Analysis of Interventions On The SEIRHD Epidemic Model

First, let's implement the classic SEIRHD epidemic model with ModelingToolkit:

using EasyModelAnalysis
@variables t
Dₜ = Differential(t)
@variables S(t)=0.9 E(t)=0.05 I(t)=0.01 R(t)=0.2 H(t)=0.1 D(t)=0.01
@variables T(t)=0.0 η(t)=0.0 cumulative_I(t)=0.0
@parameters β₁=0.6 β₂=0.143 β₃=0.055 α=0.003 γ₁=0.007 γ₂=0.011 δ=0.1 μ=0.14
eqs = [T ~ S + E + I + R + H + D
    η ~ (β₁ * E + β₂ * I + β₃ * H) / T
    Dₜ(S) ~ -η * S
    Dₜ(E) ~ η * S - α * E
    Dₜ(I) ~ α * E - (γ₁ + δ) * I
    Dₜ(cumulative_I) ~ I
    Dₜ(R) ~ γ₁ * I + γ₂ * H
    Dₜ(H) ~ δ * I - (μ + γ₂) * H
    Dₜ(D) ~ μ * H];
@named seirhd = ODESystem(eqs)
seirhd = structural_simplify(seirhd)
prob = ODEProblem(seirhd, [], (0, 110.0))
sol = solve(prob)
plot(sol)

Let's solve a few problems:

Provide a forecast of cumulative Covid-19 cases and deaths over the 6-week period from May 1 – June 15, 2020 under no interventions, including 90% prediction intervals in your forecasts. Compare the accuracy of the forecasts with true data over the six-week timespan.

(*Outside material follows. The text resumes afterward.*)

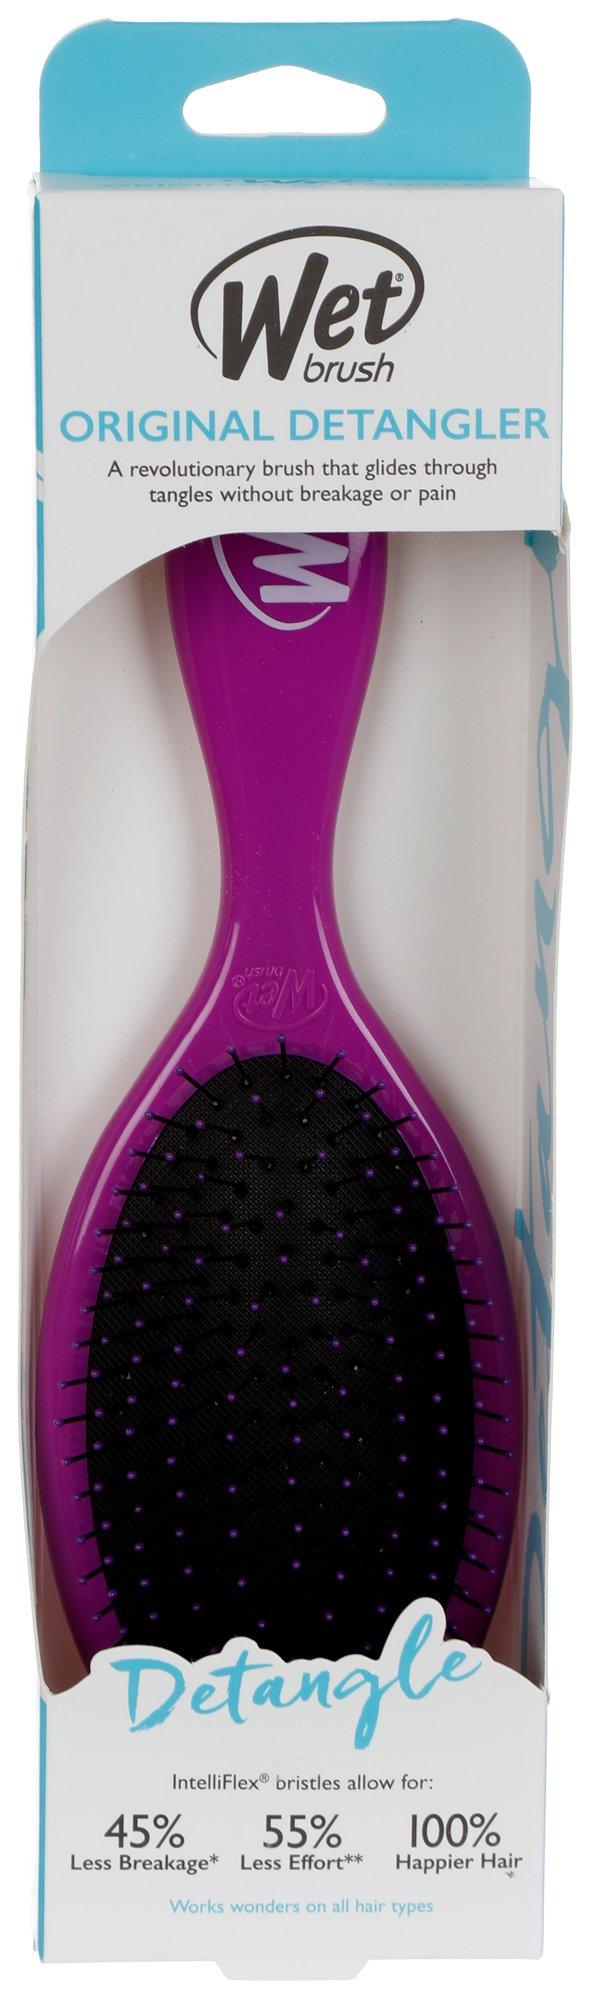 5pk Hair Brush Set for Women | Professional Pink Hairdressing Salon Styling  Gift
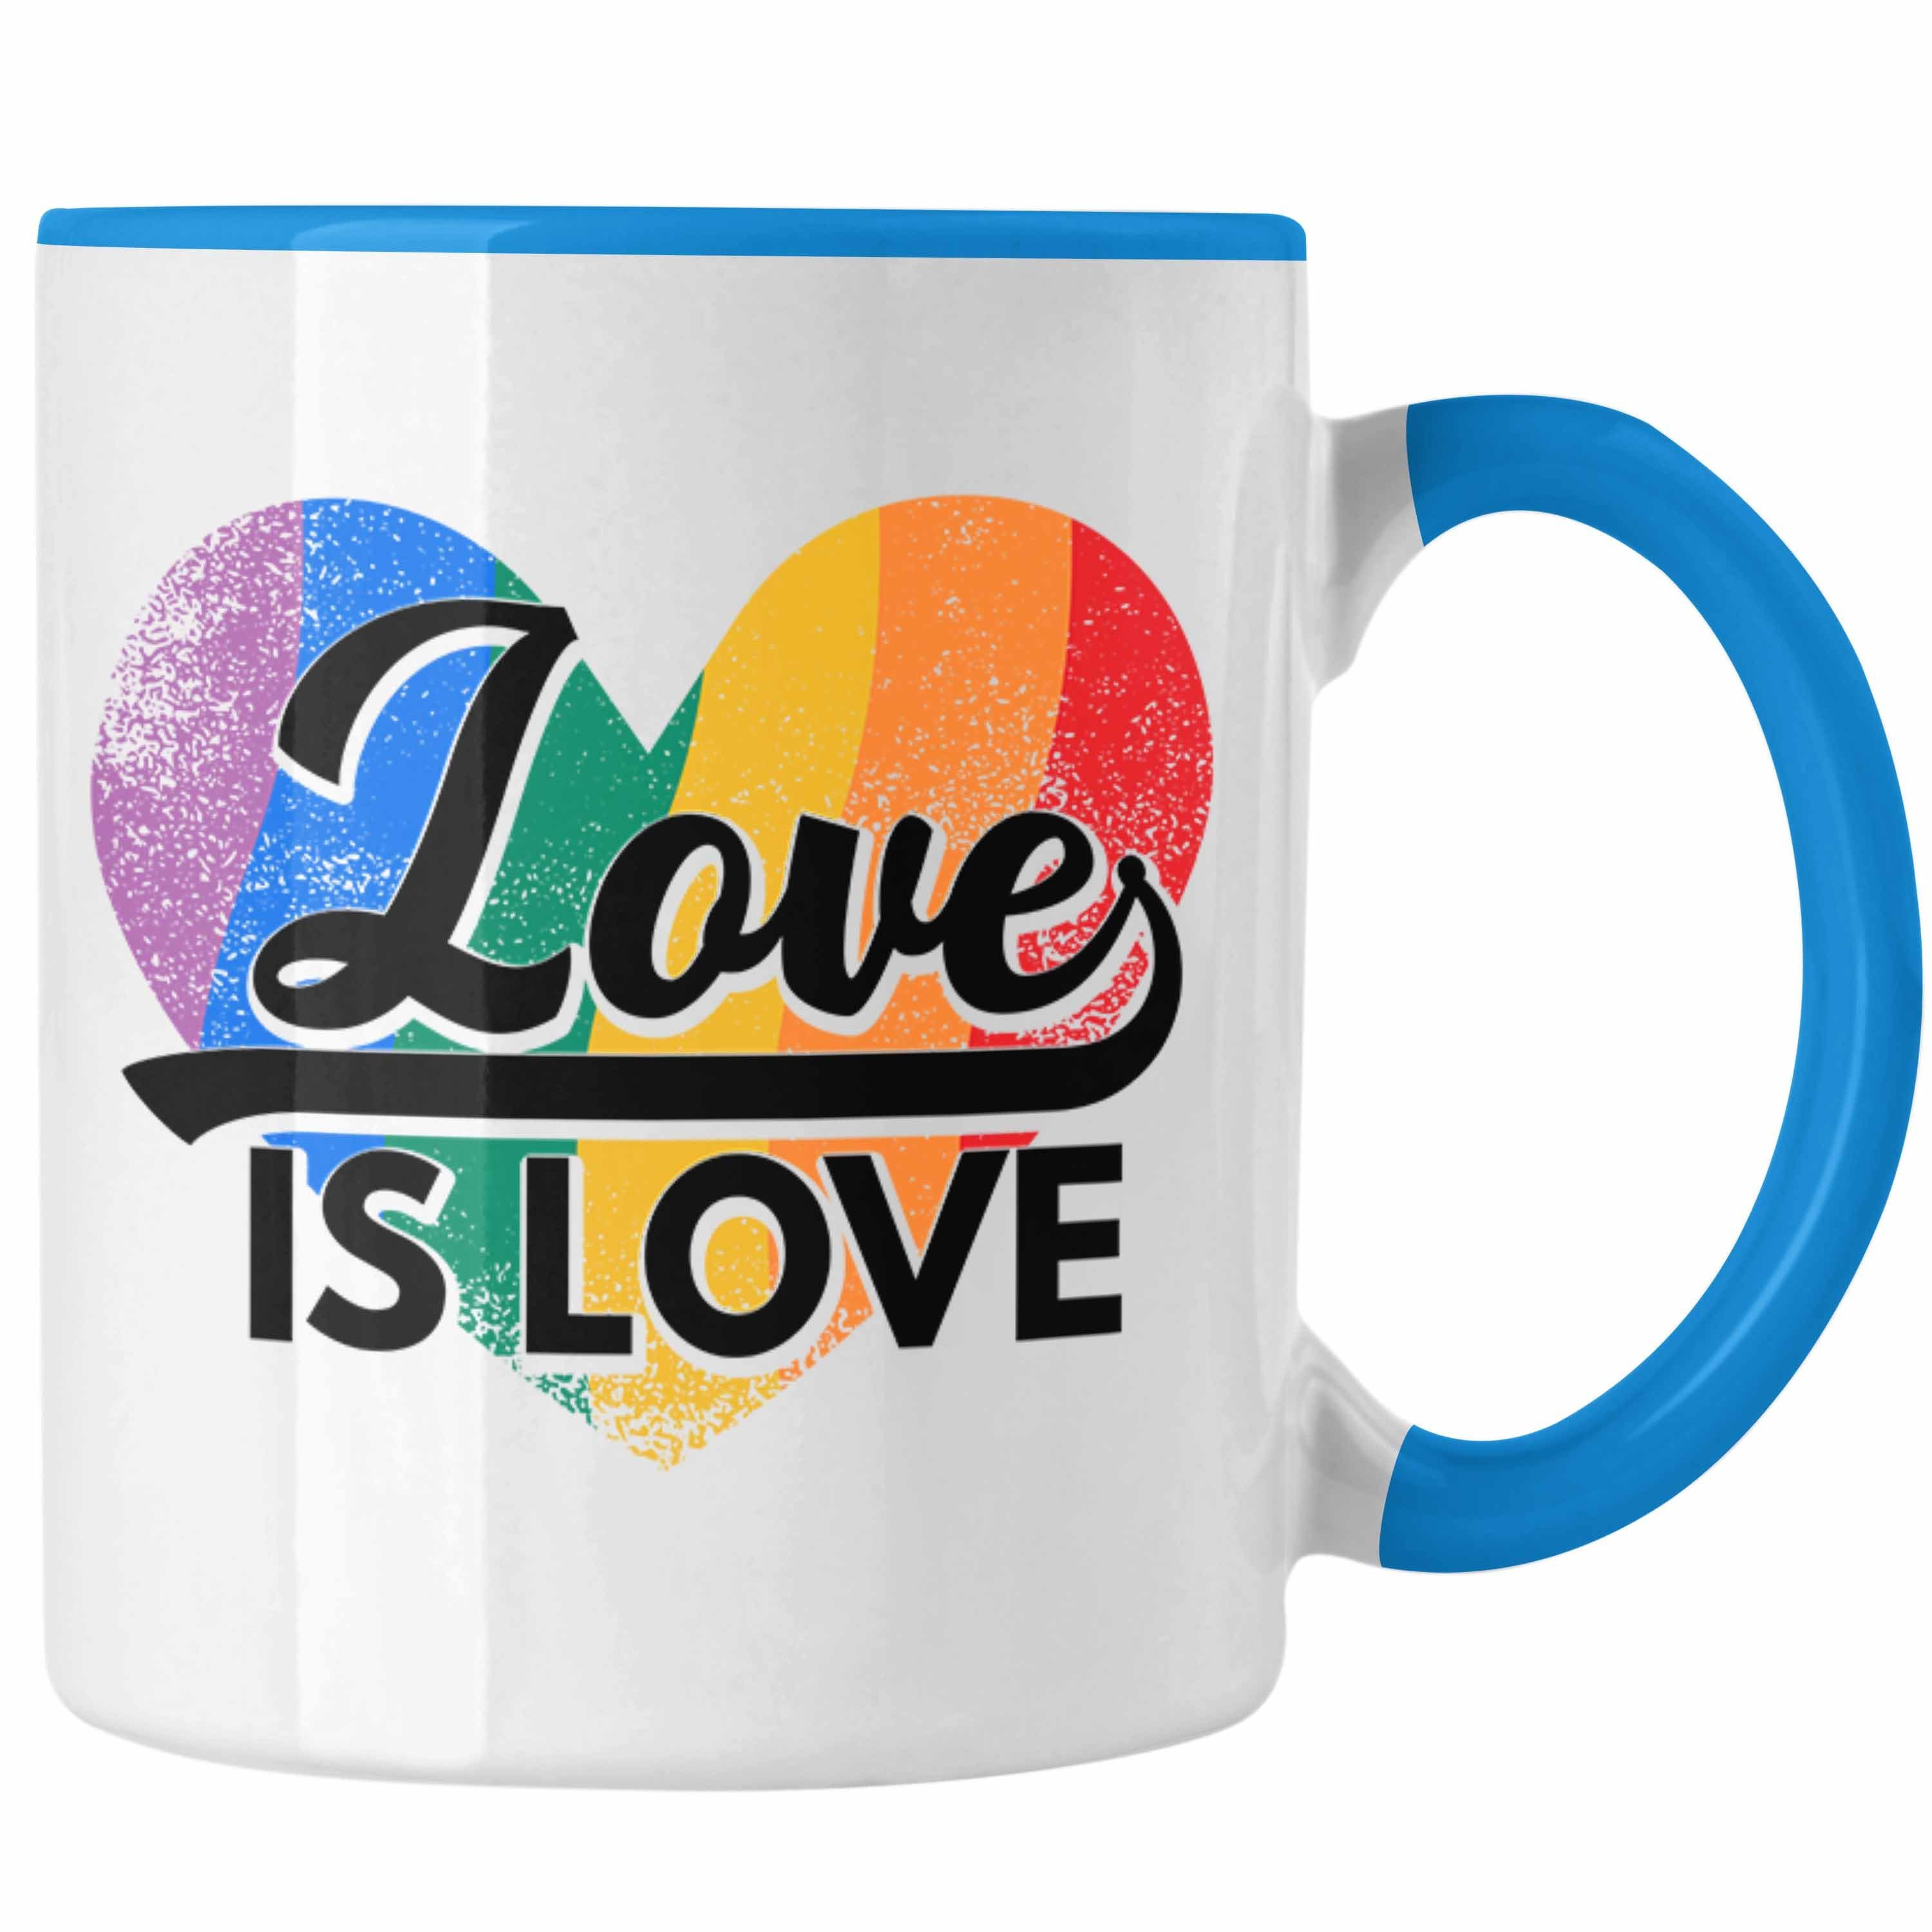 Trendation Tasse Trendation - LGBT Tasse Geschenk für Schwule Lesben Transgender Regenbogen Lustige Grafik Regenbogen Love Is Love Blau

get_uncertainty_forecast(prob, [cumulative_I], 0:100, [β₁ => Uniform(0.0, 1.0)], 6 * 7)

42-element Vector{Matrix{Float64}}:
 [0.0 0.009564252345864444 … 1.9499407904437587 1.970972575929712]
 [0.0 0.009569629416527661 … 2.053001086536485 2.0737257134297336]
 [0.0 0.009566415276867532 … 2.007475144599528 2.0283356336885263]
 [0.0 0.009566967961926801 … 2.0176520560361904 2.0384822131333964]
 [0.0 0.009572663061224564 … 2.0775911483562473 2.0982423338670846]
 [0.0 0.009558925179451944 … 0.7333687466788062 0.7470811083961493]
 [0.0 0.009578918846540824 … 2.1058389404809104 2.126405692201991]
 [0.0 0.009558561994882857 … 0.4641156018031798 0.4707705502425733]
 [0.0 0.009573075690805018 … 2.080171872262306 2.1008153420054883]
 [0.0 0.009569824263714772 … 2.054960357433404 2.0756791347032206]
 ⋮
 [0.0 0.009570838931048983 … 2.0641999828234487 2.0848911710506033]
 [0.0 0.009564415537710211 … 1.9556708614569496 1.9766856200733856]
 [0.0 0.009561044995116511 … 1.7027743069567096 1.7245021976341823]
 [0.0 0.009568490894947256 … 2.040090712469655 2.060853887126654]
 [0.0 0.009564615021334799 … 1.9622804232602151 1.9832755318070965]
 [0.0 0.00956942478285921 … 2.0508712042699977 2.071602189740902]
 [0.0 0.009568300171756744 … 2.037647180145349 2.0584176442421978]
 [0.0 0.0095674354006629 … 2.025317636522279 2.0461248729309127]
 [0.0 0.009560102340903591 … 1.4712120589589712 1.4932141743088414]

plot_uncertainty_forecast(prob, [cumulative_I], 0:100, [β₁ => Uniform(0.0, 1.0)], 6 * 7)

get_uncertainty_forecast_quantiles(prob, [cumulative_I], 0:100, [β₁ => Uniform(0.0, 1.0)],
    6 * 7)

2-element Vector{Matrix{Float64}}:
 [0.0; 0.009558986381174731; … ; 0.7843100691758393; 0.7991724108711555;;]
 [0.0; 0.009576794394062718; … ; 2.098335534353523; 2.118924717788651;;]

plot_uncertainty_forecast_quantiles(prob, [cumulative_I], 0:100, [β₁ => Uniform(0.0, 1.0)],
    6 * 7)

Based on the forecasts, do we need additional interventions to keep cumulative Covid deaths under 6000 total? Provide a probability that the cumulative number of Covid deaths will stay under 6000 for the next 6 weeks without any additional interventions.